Dealing with the pain of change
The opposite day certainly one of my meditation college students wrote, asking for some recommendation. She was having to downsize and transfer right into a smaller condo. And this meant that she couldn’t maintain on to a few of her household heirlooms, like her mom’s marriage ceremony china. It additionally meant that her teenage son wouldn’t be capable to proceed dwelling together with her. That final half was notably painful.
So I wrote the next in response:
It’s arduous to let go of issues, and to have relationships change, so I can recognize why you’re struggling.
The adjustments you’re going by means of are distinctive to you, even when others have been by means of comparable experiences, so I provide the next solely as stuff you would possibly take as a place to begin on your personal reflections.
Is there something you’re wanting ahead to concerning the transfer? It may be that you could give attention to issues like creating extra of a way of simplicity in your life, or creating a brand new house round you that helps aspirations you could have. If there are issues you may sit up for, then specializing in these would possibly assist shift your perspective concerning the transfer.
Paradoxically, I discover myself with an excessive amount of “stuff” in the mean time. When Teresa and I moved in collectively, we ended up with duplicate furnishings. Some we removed, however we ended up with two eating tables and no room for both of them, and they also’re in storage in our basement. I look within the basement and see all of this muddle, and I generally assume that if all of it disappeared sooner or later I most likely wouldn’t discover for weeks, since I rarely have a cause to go down there, and that if I did occur to stroll into an empty basement I’d be happy! So actually we must always eliminate all that stuff, however until we had been shifting once more there’s actually no motivation to take action.
Anyway, I do like to think about the liberty and lightness that comes from not being burdened by issues I’ve however don’t use. I don’t know if that’s one thing that you may additionally embrace.

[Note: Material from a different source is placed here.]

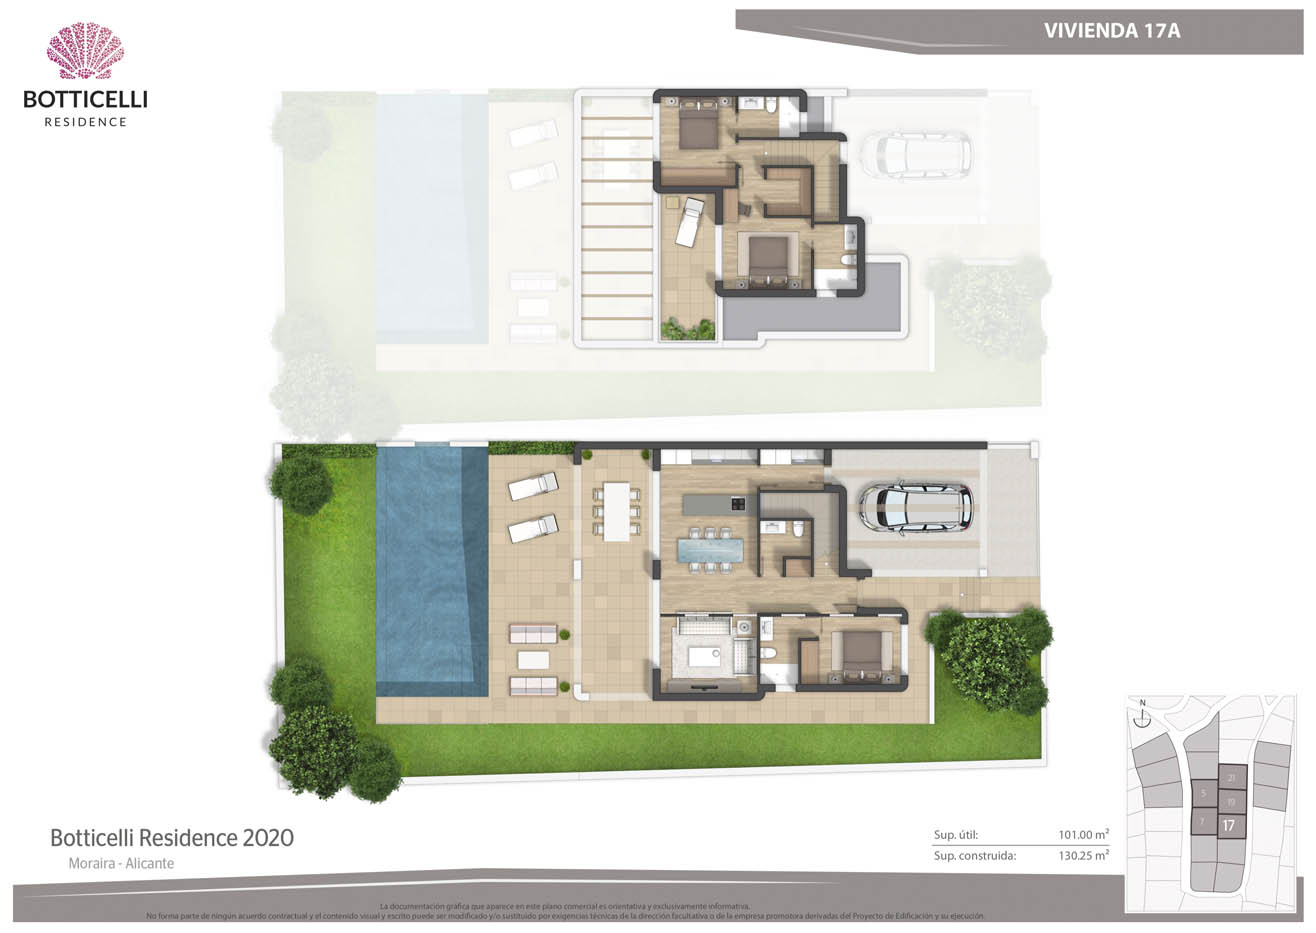 Planos comerciales 2D a color de una urbanización residencial de viviendas adosadas

I generally additionally take into consideration the truth that sooner or later I’m going to die, and that, as they are saying, you may’t take it with you. Who would have your mom’s marriage ceremony china when you’ve handed away? If there’s nobody apparent who would take it, you then would possibly take into consideration what the distinction is between giving it away now and it being given away when you’re useless. Benefits to passing it on now (even to strangers) can be that you simply’d know another person was having fun with it, that you simply’d given them this present, and that you simply’d be in command of the place it goes. When you die, none of these issues can be attainable.
With regard to your son, I’m wondering in the event you may consider sending him out into the world as a person? Is there a way you may construct as much as ritually or ceremonially marking and celebrating this transition in his life? I can think about, for instance, that it will be pretty to create a guide of knowledge teachings (perhaps accompanied by images of the 2 of you) that would information him as he goes into the world and stay as a tangible file of his transition. One thing like which may provide you with a optimistic focus that mitigates the struggling of the change.
As I mentioned, I’m simply throwing some concepts on the market. I’d be actually fascinated to listen to what you provide you with your self.
What has helped you get by means of painful intervals of change? Why not share within the feedback beneath.